Машины миновали околицу, из-за заборов выглядывает детвора.
Их мордашки торчат почти над каждой доской, кругленькие, веселые, смеющиеся, с
блестящими, черными, как маслины, глазами.
Мочарский вздохнул:
– Когда возвращаюсь отсюда домой, в ушах до ночи звенят
их голоса… А у нас как в могиле. Тихо-тихо.
– Ну так уж и тихо, – подал голос
Карашахин. – А добрый привычный мат?
– Мат – это да.
– Много?
– Нет, слова тоже бывают. Да еще пьяные песни. Правда,
тоже из мата.
Машина притормозила, мимо проплыли скученные люди в ярких
одеждах, охрана оттесняла их от дороги, мы мягко остановились перед самым
большим домом, чистеньким, украшенным, стены оплетены виноградом. Подбежал
охранник, но Крамар сам открыл переднюю дверь и вышел, я дождался, пока меня
выпустят. Из следующей машины, кряхтя, выбрался Новодворский.
На меня смотрели жадно, с интересом, с не меньшим интересом
всматривался и я, сердце в груди болезненно сжимается, я просто чувствую, как
большая холодная жаба ложится на него сверху и давит всем весом.

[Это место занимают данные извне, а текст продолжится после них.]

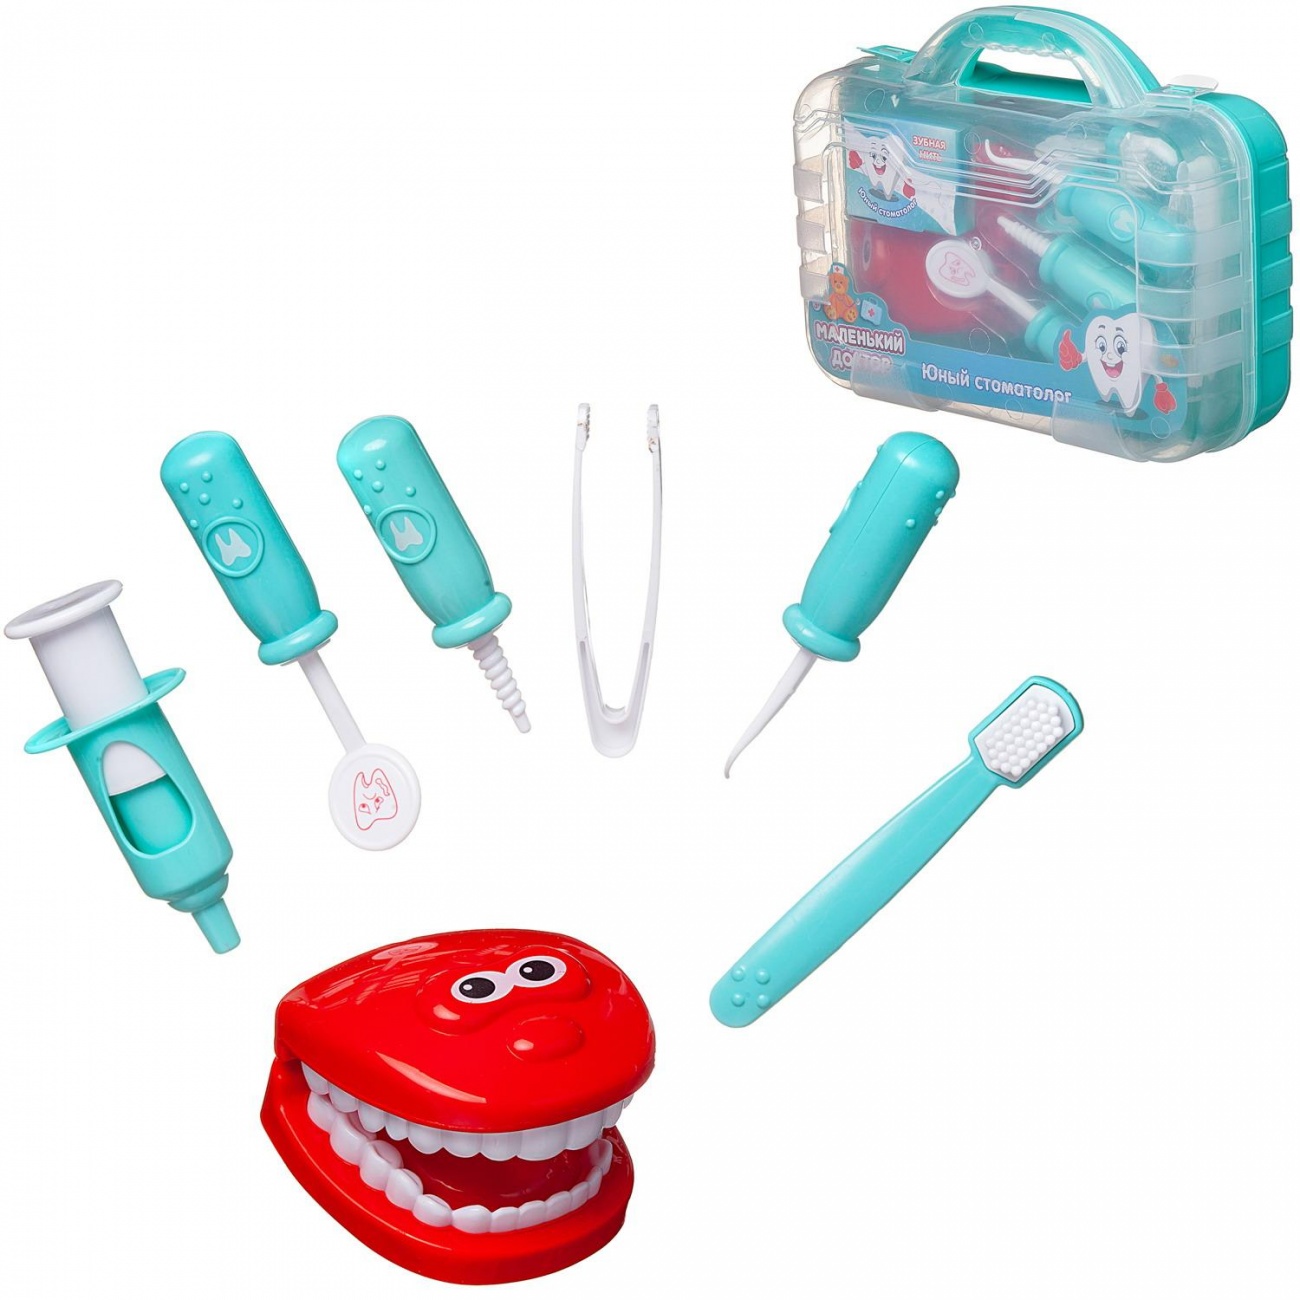 Игровой набор ABtoys Маленький доктор Юный стоматолог, в чемоданчике PT-01498

Дома – настоящая русская деревня, типичные дома, ничего в
них узбекского или вообще восточного. И заборчики больше похожи на украинские
плетни, за ними сады, красные от созревших вишен.

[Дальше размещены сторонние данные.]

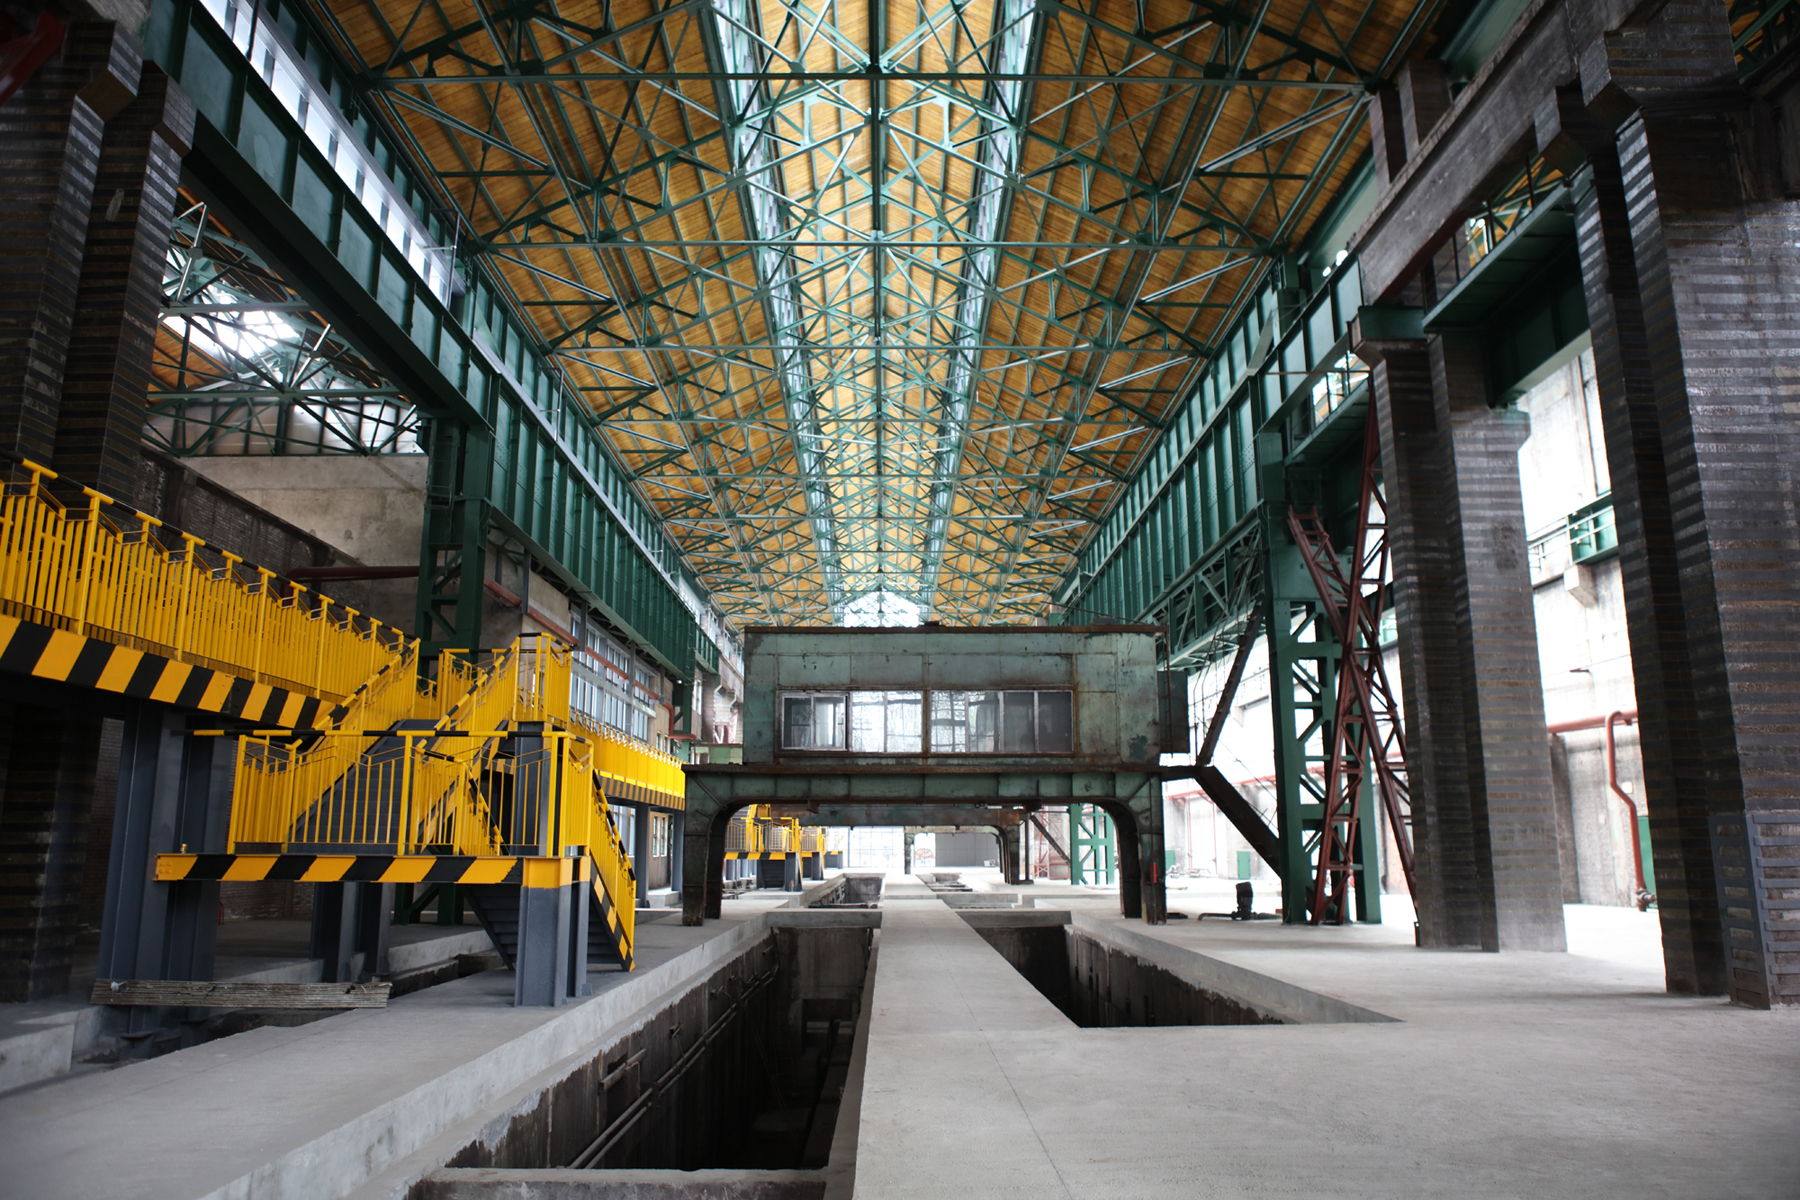 钢铁厂内部图片图片图片

В сторонке двухэтажный дом, очень добротный, совсем не
деревенский, больше похожий на особняк «нового русского», на пороге появился
невысокий крепкотелый человек в зеленом халате и с белоснежной чалмой на
голове. Руки скрестил на животе, пальцы перебирают четки, лицо волевое, глаза
из-под тюрбана смотрят пытливо. Я чувствовал, что волосы у него короткие и
жесткие, стрижка ежиком, как у нас привычно изображают прусских баронов, так
вот это и есть прусский барон по-кобызски: с темным татарским лицом, глаза
смотрят умно, остро, с легкой смешинкой, стоит спокойно, как будто не перед
президентом, а перед достигшим высот учеником, опрятный, с мягкой улыбкой
фельдмаршала, взирающего на строй молодых отличившихся курсантов.